Work to complete:
Print, word for word, the line containing "Réinventons l'eau, réduisons" and all lines beneath it to the end of the entries below. Pictures do not belong in the copy.

↓↓↓

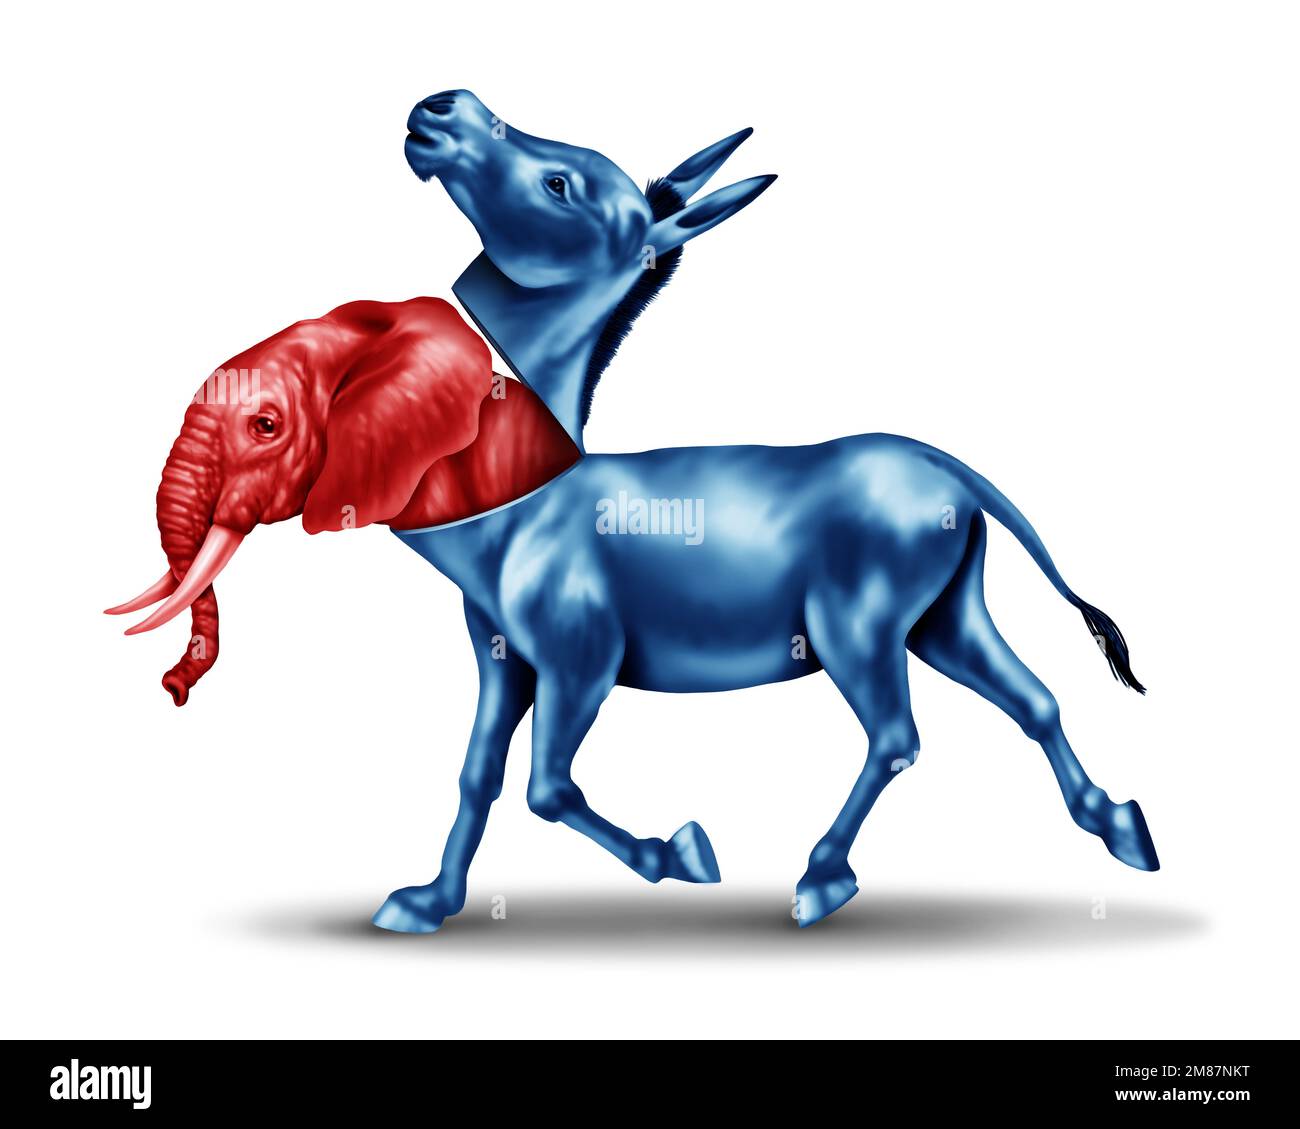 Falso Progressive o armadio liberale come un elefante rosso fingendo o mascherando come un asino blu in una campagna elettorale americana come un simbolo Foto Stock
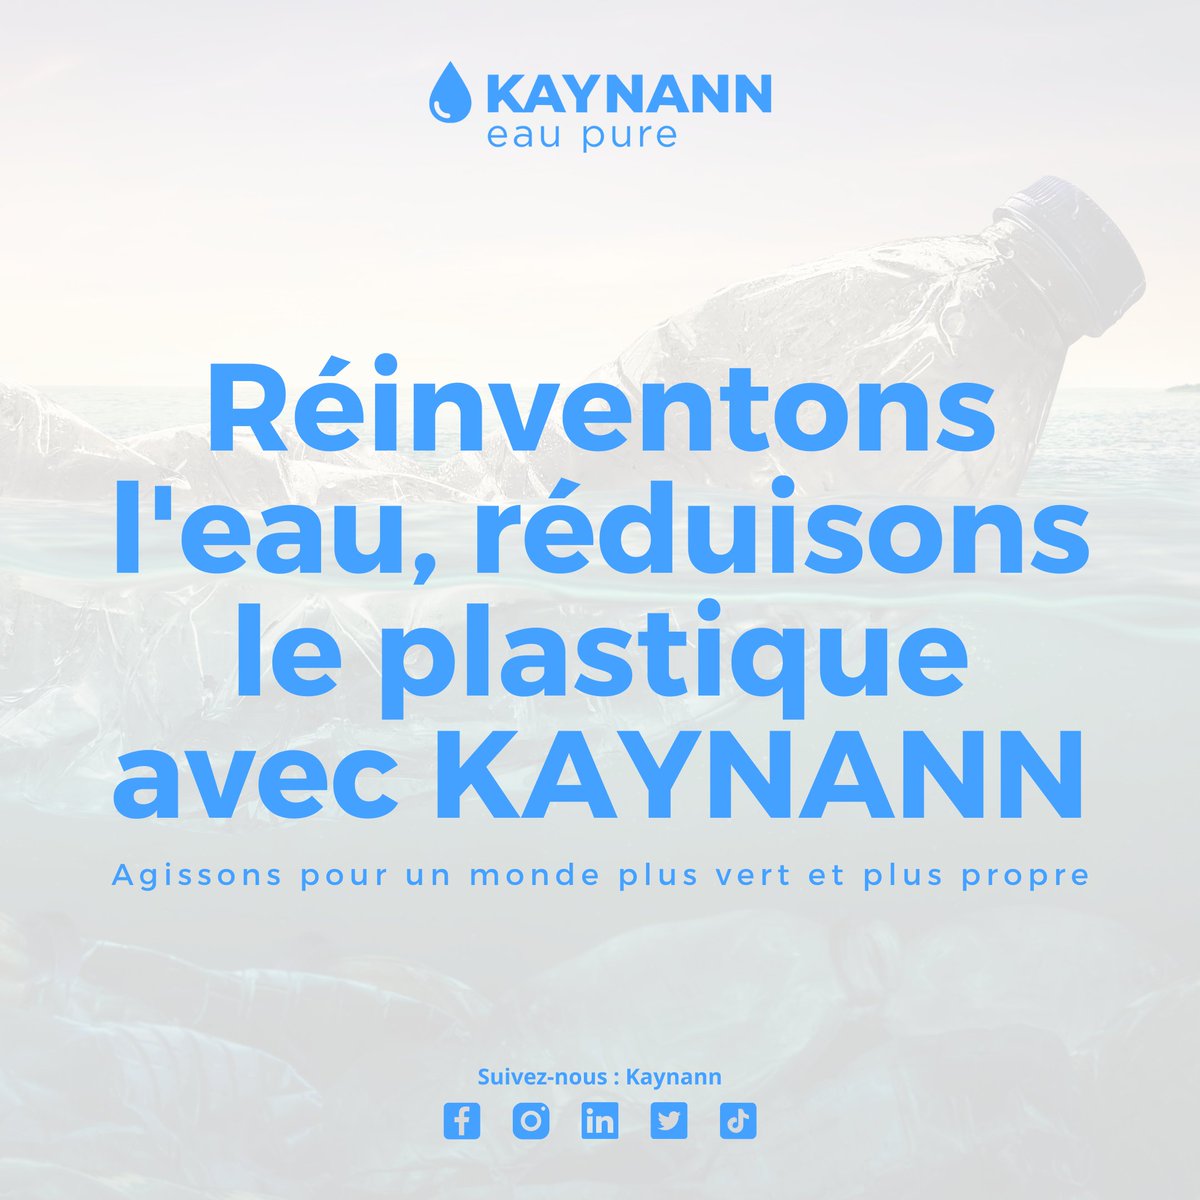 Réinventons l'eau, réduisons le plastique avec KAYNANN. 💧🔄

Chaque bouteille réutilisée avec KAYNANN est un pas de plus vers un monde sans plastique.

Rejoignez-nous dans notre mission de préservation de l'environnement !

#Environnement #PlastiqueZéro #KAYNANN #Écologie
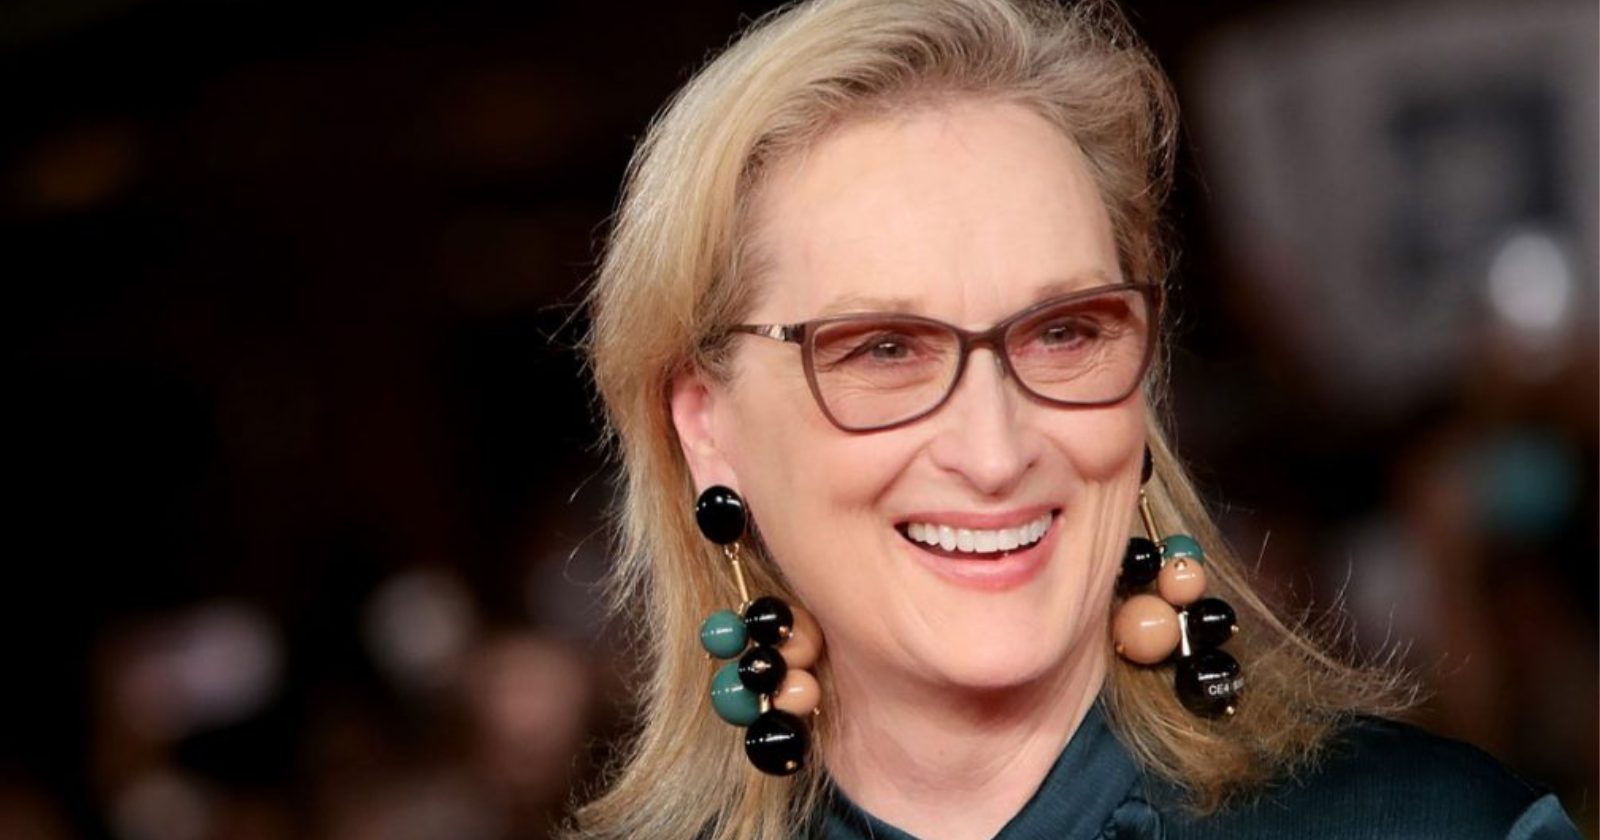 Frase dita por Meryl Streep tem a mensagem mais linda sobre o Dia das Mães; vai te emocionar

↑↑↑

Output:
 Réinventons l'eau, réduisons le plastique avec KAYNANN. 💧🔄

Chaque bouteille réutilisée avec KAYNANN est un pas de plus vers un monde sans plastique.

Rejoignez-nous dans notre mission de préservation de l'environnement !

#Environnement #PlastiqueZéro #KAYNANN #Écologie
 Frase dita por Meryl Streep tem a mensagem mais linda sobre o Dia das Mães; vai te emocionar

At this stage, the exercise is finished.